This seems to be a swamp of far greater complexity than I had initially expected. Given that ... I would be more than happy to make up a patch which leaves nsnull exactly as it is, but casts the offending uses to void* in as many places as I can find them. Would that be generally considered a preferable solution?
I think it would. Casting to (float*) might fit better than (void*), but it doesn't matter much. I think the offending uses are simply all the callers of GetAnimatedLengthValues, which are listed at: http://mxr.mozilla.org/mozilla-central/search?string=GetAnimatedLengthValues
Comment on attachment 428895 [details] [diff] [review] defines nsnull safely for 64-bit platforms As we discussed on IRC, I don't think NULL fixes the problem. I think we should either fix this in the SVG code with casts to (float*) (relatively simple), or find an appropriate way to #ifdef for LLP64 so that we can make nsnull either 0LL or 0L.

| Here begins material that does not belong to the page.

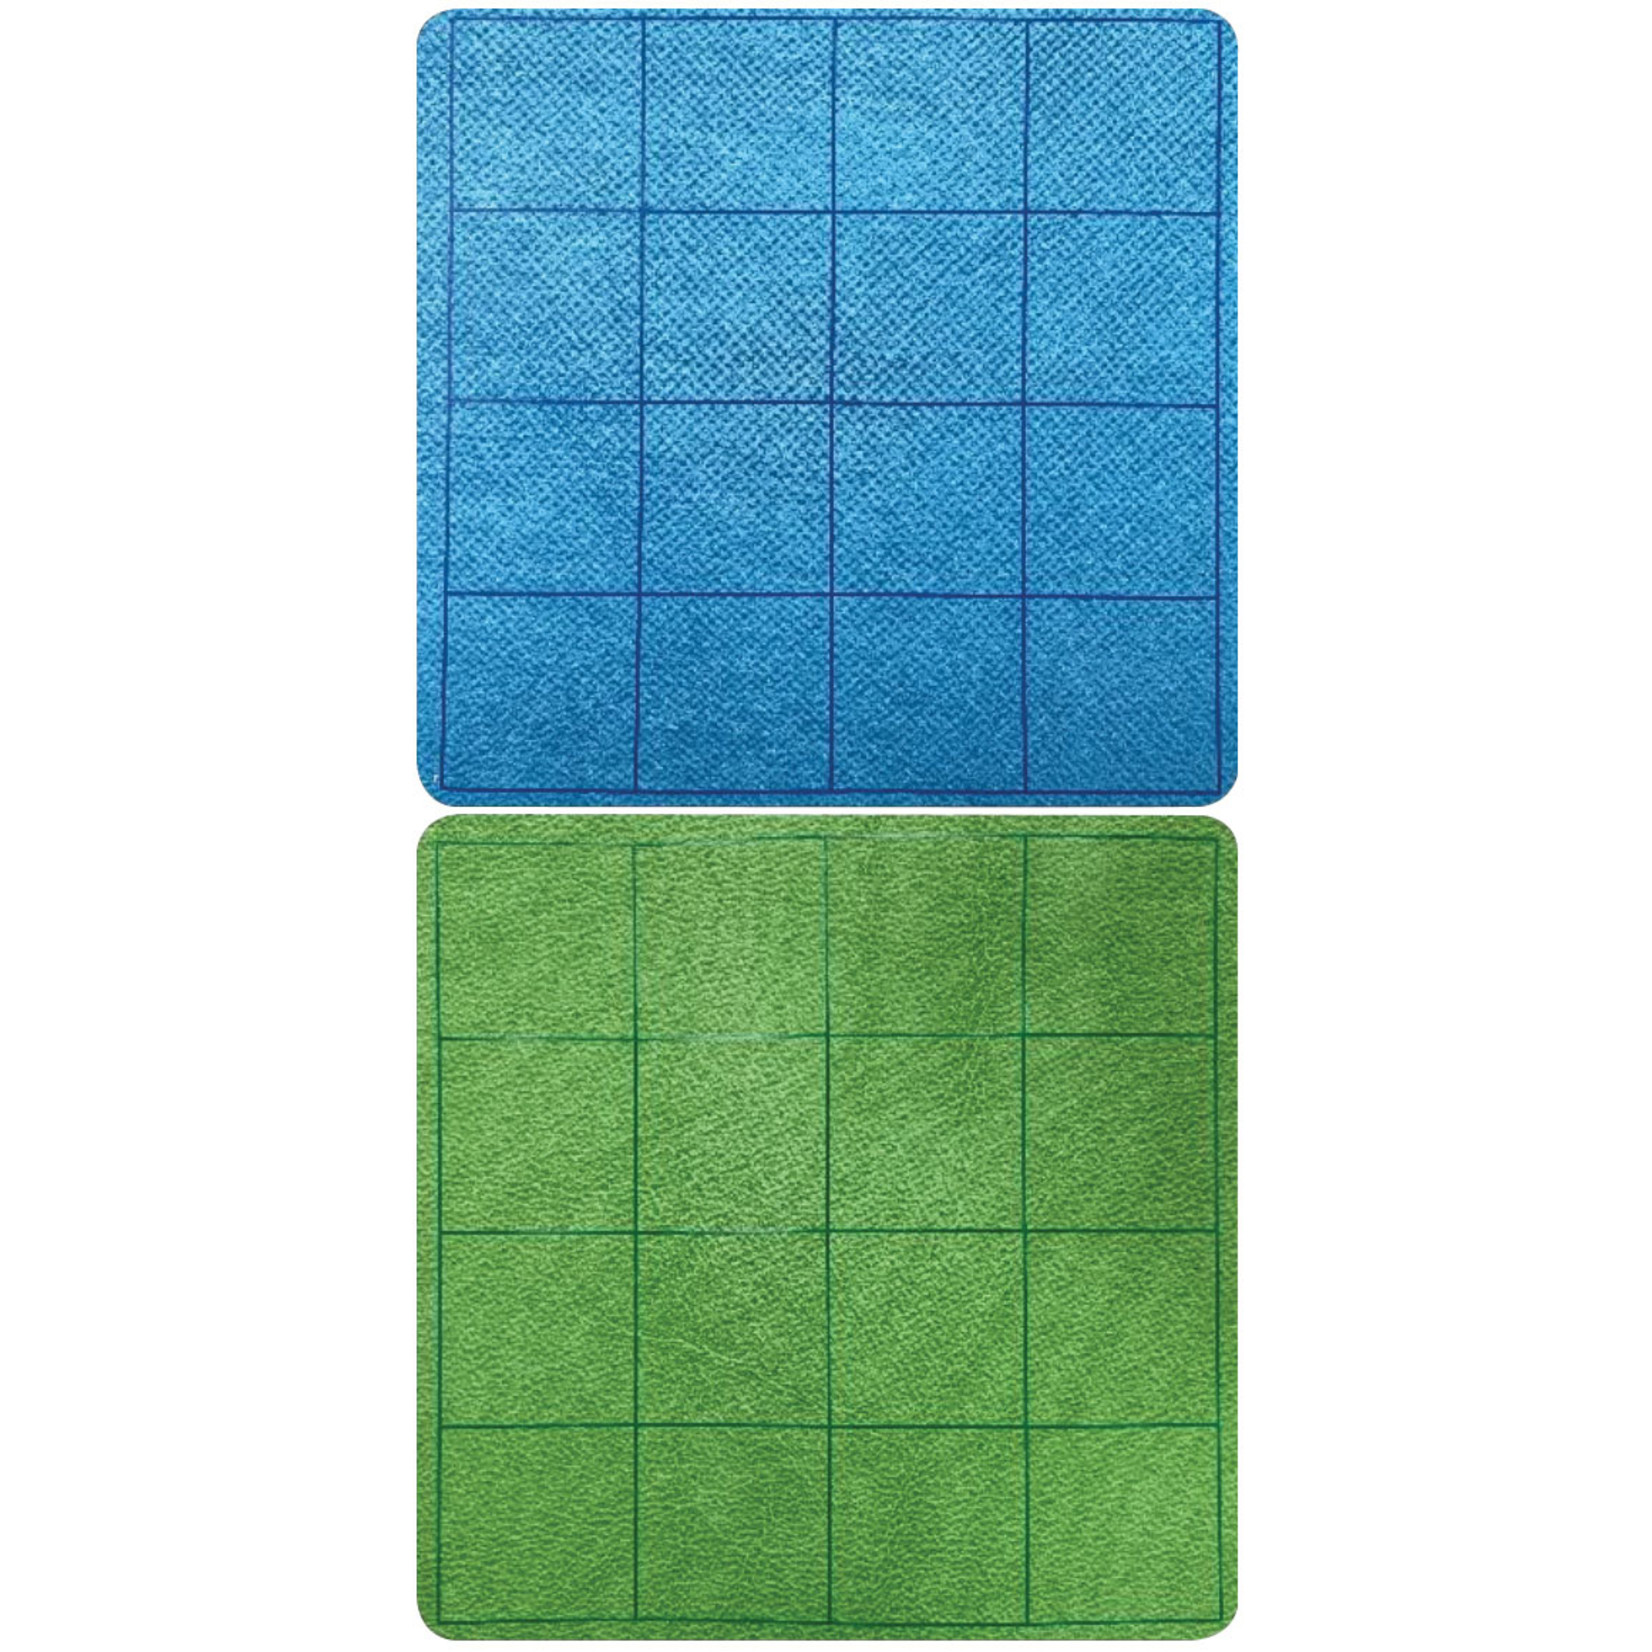 Chessex Reversible Megamat 1" Blue-Green Squares 34.5" x 48"

Attachment #428895 - Flags: review?(dbaron) → review-
Sigh, it looks like there are there are actually three functions which suffer from this problem; they all use the same NULL-termination convention: void GetAnimatedLengthValues(float *aFirst, ...); void GetAnimatedNumberValues(float *aFirst, ...); void GetAnimatedIntegerValues(PRInt32 *aFirst, ...);
(In reply to comment #21) > or find an appropriate way to #ifdef for LLP64 so that we > can make nsnull either 0LL or 0L. Does this fit the bill? #if defined(_MSC_VER) && defined(_M_AMD64) # define nsnull 0LL #else # define nsnull 0L #endif It gives an appropriately sized value for both win64 and everything else (assuming win64 is the only 64-bit target which isn't LP64), and it doesn't rely on potentially broken or mis-sized definitions of NULL.

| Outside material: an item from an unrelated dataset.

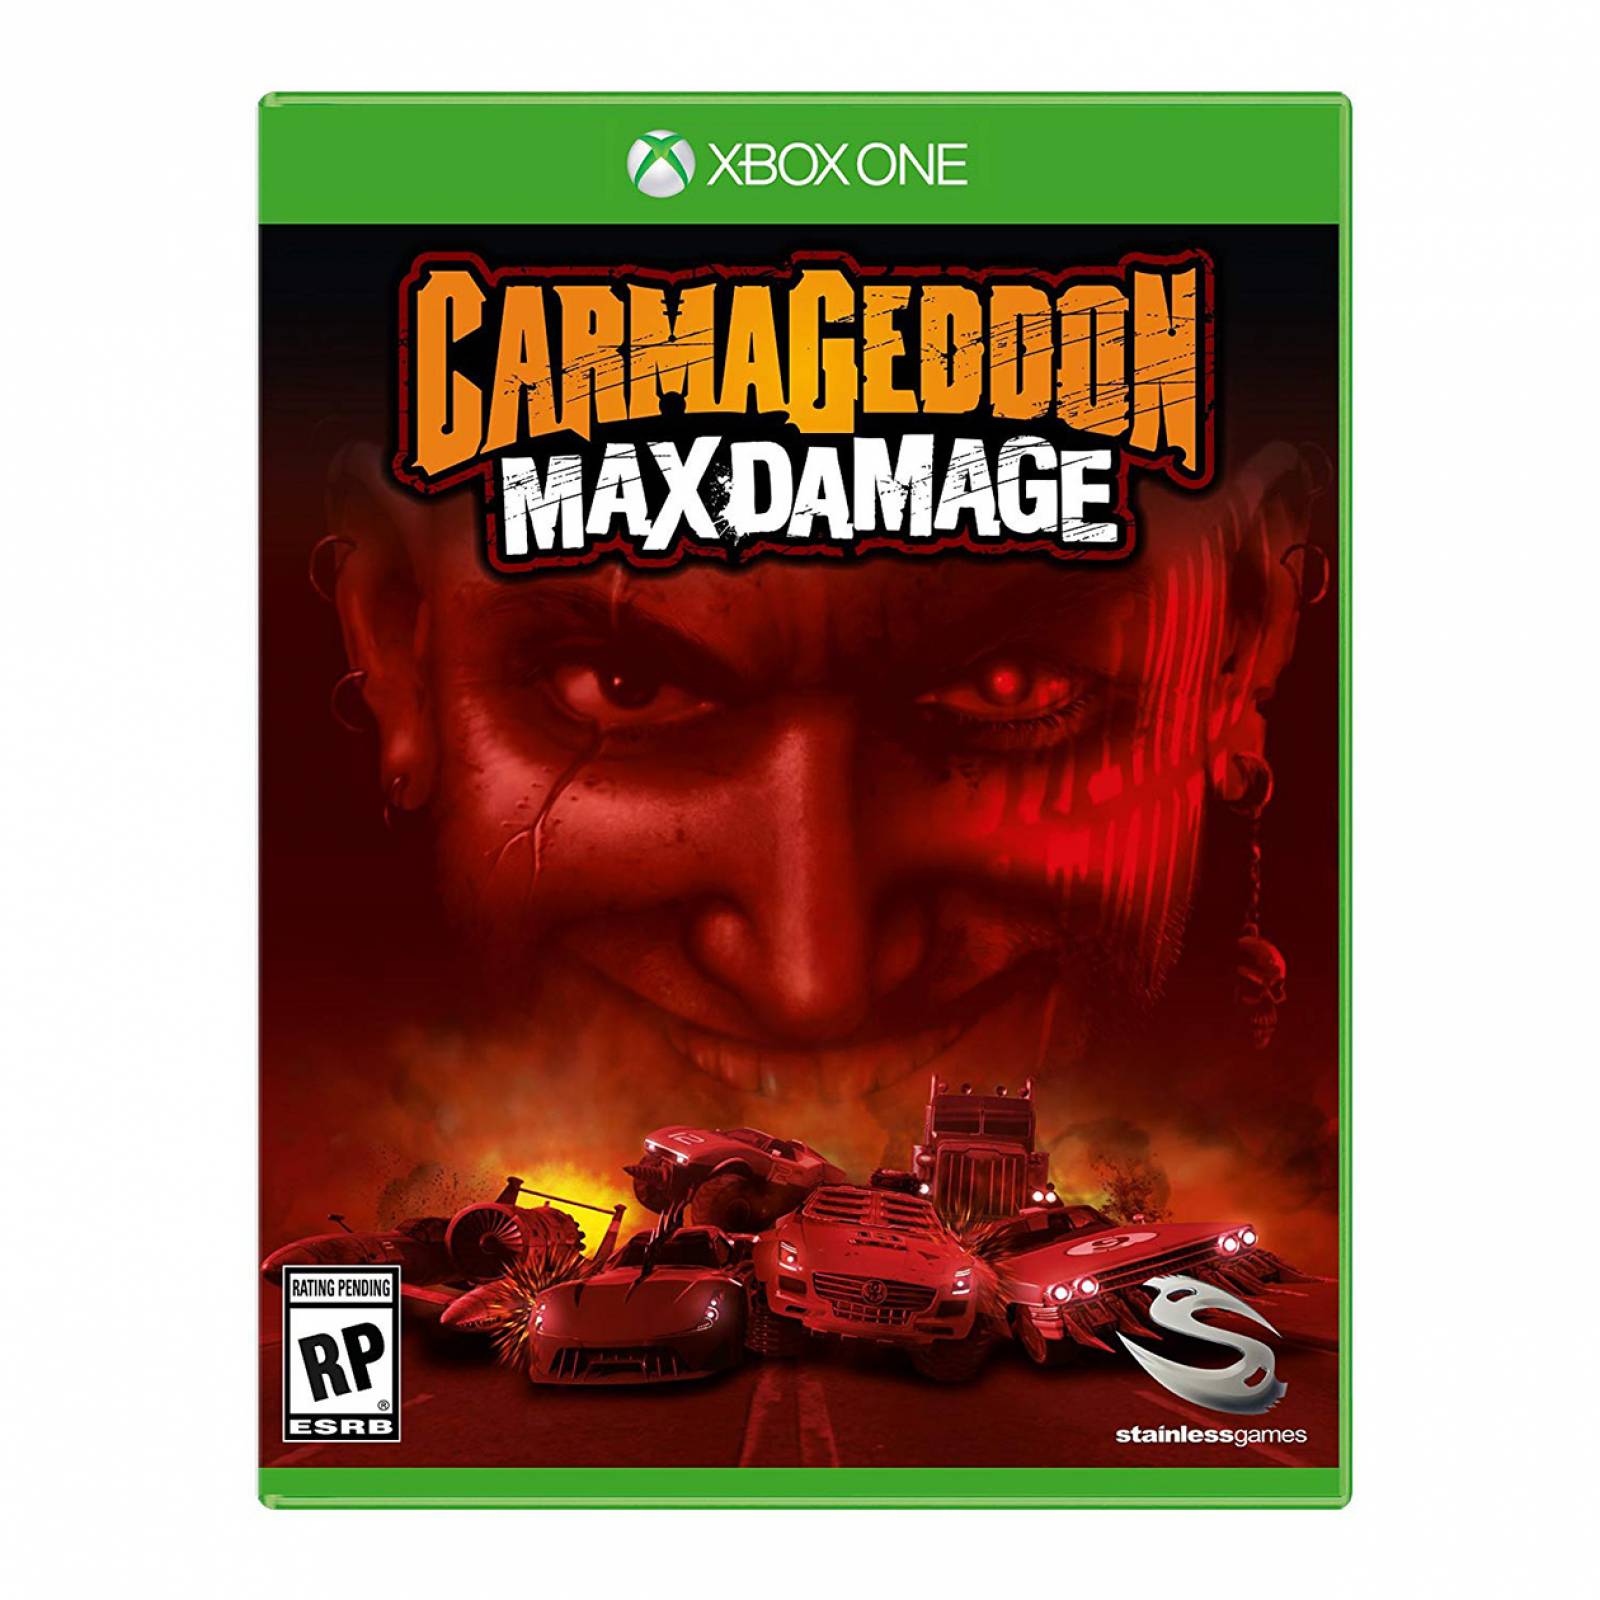 Carmageddon Xbox One

(In reply to comment #23) > Does this fit the bill? > > #if defined(_MSC_VER) && defined(_M_AMD64) Apparently this won't work on mingw64 in the future. Revised version: #include <stdio.h> #if defined(_WIN64) # define mynull 0LL #else # define mynull 0L #endif int main (int argc, char** argv) { printf("sizeof(void*) = %d, sizeof(mynull) = %d\n", (int)sizeof(void*), (int)sizeof(mynull)); return 0; } I tested on amd64-linux and x86-linux and Bas on IRC tried on win32 and win64. It produces the expected results x86-linux and win32 sizeof(void*) = 4, sizeof(mynull) = 4 amd64-linux and win64 sizeof(void*) = 8, sizeof(mynull) = 8 The gating directly on _WIN64 should mean this is ok even on mingw64, assuming it defines _WIN64.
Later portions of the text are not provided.